For the regime of moderate activity, the active tracer becomes, within the theoretical idealization, trapped in the passive host system at densities φ ≥ φc. This is expected because the cages possess a finite microscopic yield strength,44 and if the self-propulsion velocity vs0 translates into a force exerted by the active tracer that is below this threshold (and also not infinitely persistent for finite Dr), cages will not yield due to activity.
Approaching the glass transition, one thus expects the long-time motion of the tracer to be quantified by a long-time diffusion coefficient DLt(φ) that approaches zero at φ = φc, and, by bona fide extension of the well established asymptotic results of MCT for passive systems, vanishes as a power law close to the transition, DLt(φ) ∼ |φ − φc|γ for φ → φc from below. The exponent γ is a non-universal exponent emerging from the asymptotic solution of the MCT equations. In practice, the MCT description of the glass transition is an idealized one, and one observes in simulations deviations from the power-law behavior close to and above φc, rendering DLt finite also there.
Our EDBD simulations confirm this expectation (Fig. 5). In the density window 0.76 ≲ φ ≲ 0.77, the long-time self-diffusion coefficient follows the power-law expected from MCT. Deviations are seen for our simulations at φ = 0.78; as mentioned above, the appearance of long-range fluctuations in the 2D system likely affects the data here, and we exclude this point from our discussion.
As anticipated from Fig. 2, increasing the self-propulsion velocity of the tracer enhances its long-time diffusion. The quantitative agreement with MCT deteriorates with increasing vs0, but the qualitative behavior remains the same. With our choice of parameters, discussing a change in vs0 at fixed φ and fixed Dsr, we observe only a monotonic increase of DLt with increasing vs0. One should note that theory and simulations on a different model of active particles, the active Ornstein–Uhlenbeck particles (AOUP), demonstrate a non-monotonic variation with activity48 that has also been reported from some experiments.49,50
In the low-density regime, eqn (24) establishes that in the long-time diffusive regime of the ABP, activity only enters through the dimensionless Péclet number Pes = (vs0)2/2DsrDst. In particular, one obtains DLt = Dst(1 + Pes). At high densities, this simple relation cannot be expected any more, because the cage effect provides a further scale for the problem, so that out of the two parameters that quantify the active motion of the ABP, vs0 and Dsr, two independent dimensionless numbers can be formed.
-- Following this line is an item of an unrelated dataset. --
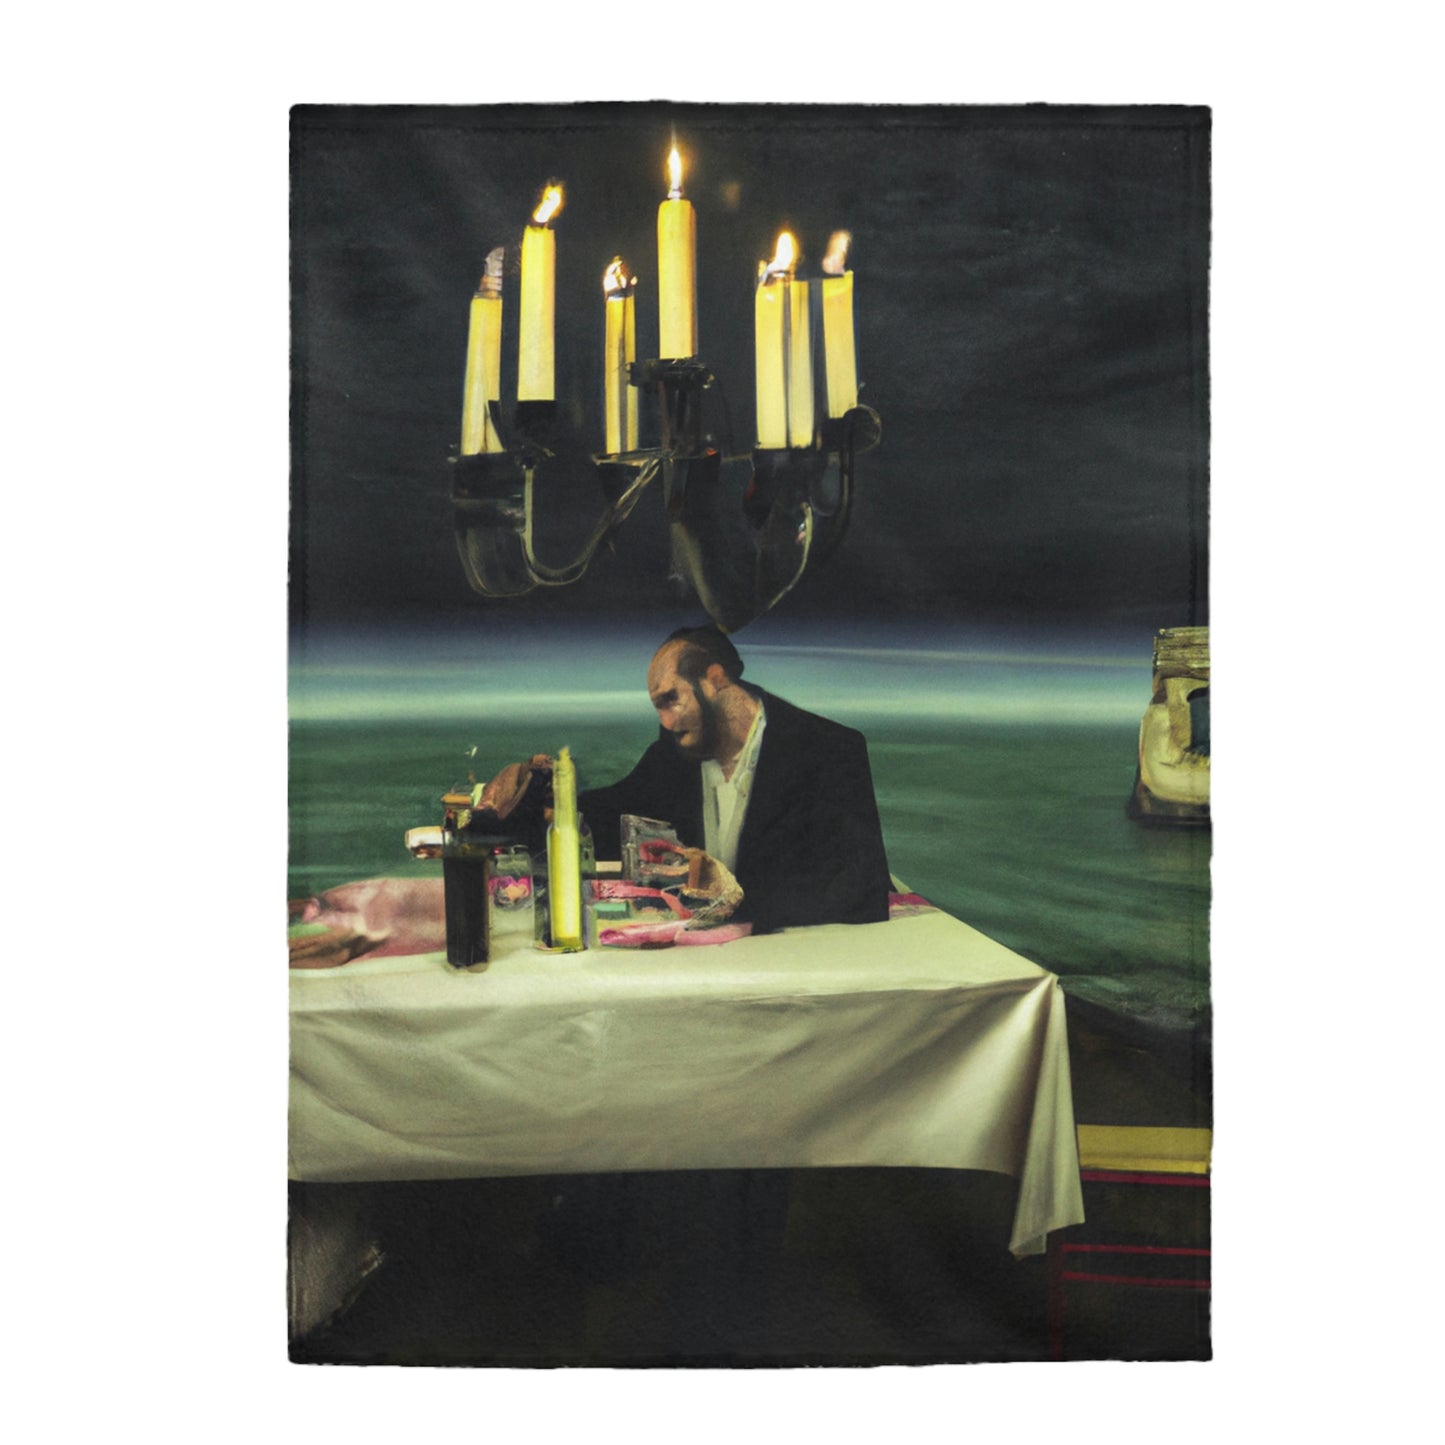 "Un faro de romance: una cena íntima a la luz de las velas en un faro olvidado" - La manta de felpa Alien Velveteen

It is nevertheless instructive to check the scaling with Pes. Indeed, both theory and simulation demonstrate that for any fixed Dsr the long-time diffusion coefficients are of the form const.+Pes (symbols in Fig. 6). This quadratic dependence on the self-propulsion velocity is also expected from the symmetry of the ensemble under mapping vs0 → –vs0. Yet, the prefactors depend on both Dsr and the packing fraction. A simple-minded rescaled description that takes into account the reduced diffusivity in the passive system, DLt = DL,0t(ϕ)(1 + Pes) with DL,0t(ϕ) the density-renormalized free diffusion of the passive particle, still fails (dotted lines in Fig. 6). An empirical rescaling, DLt = DL,0t(φ)(1 + α(φ,Dsr)Pes) describes the data (dashed lines), and reveals two trends for the rescaling factor α: it decreases with increasing host-system density, i.e., the enhancement of long-time diffusion at given tracer-Péclet number becomes weaker. The prefactor α also increases with increasing Dsr at fixed packing fraction. This appears compatible with the intuition that for Dsr → ∞ at fixed Pes (implying also vs0 → ∞), the active tracer recovers effectively-free motion with a renormalized Brownian diffusion coefficient due to the dense host system. It is also compatible with the limit Dsr → 0, which at fixed Pes implies vs0 → 0 and therefore recovers the case of a passive tracer particle.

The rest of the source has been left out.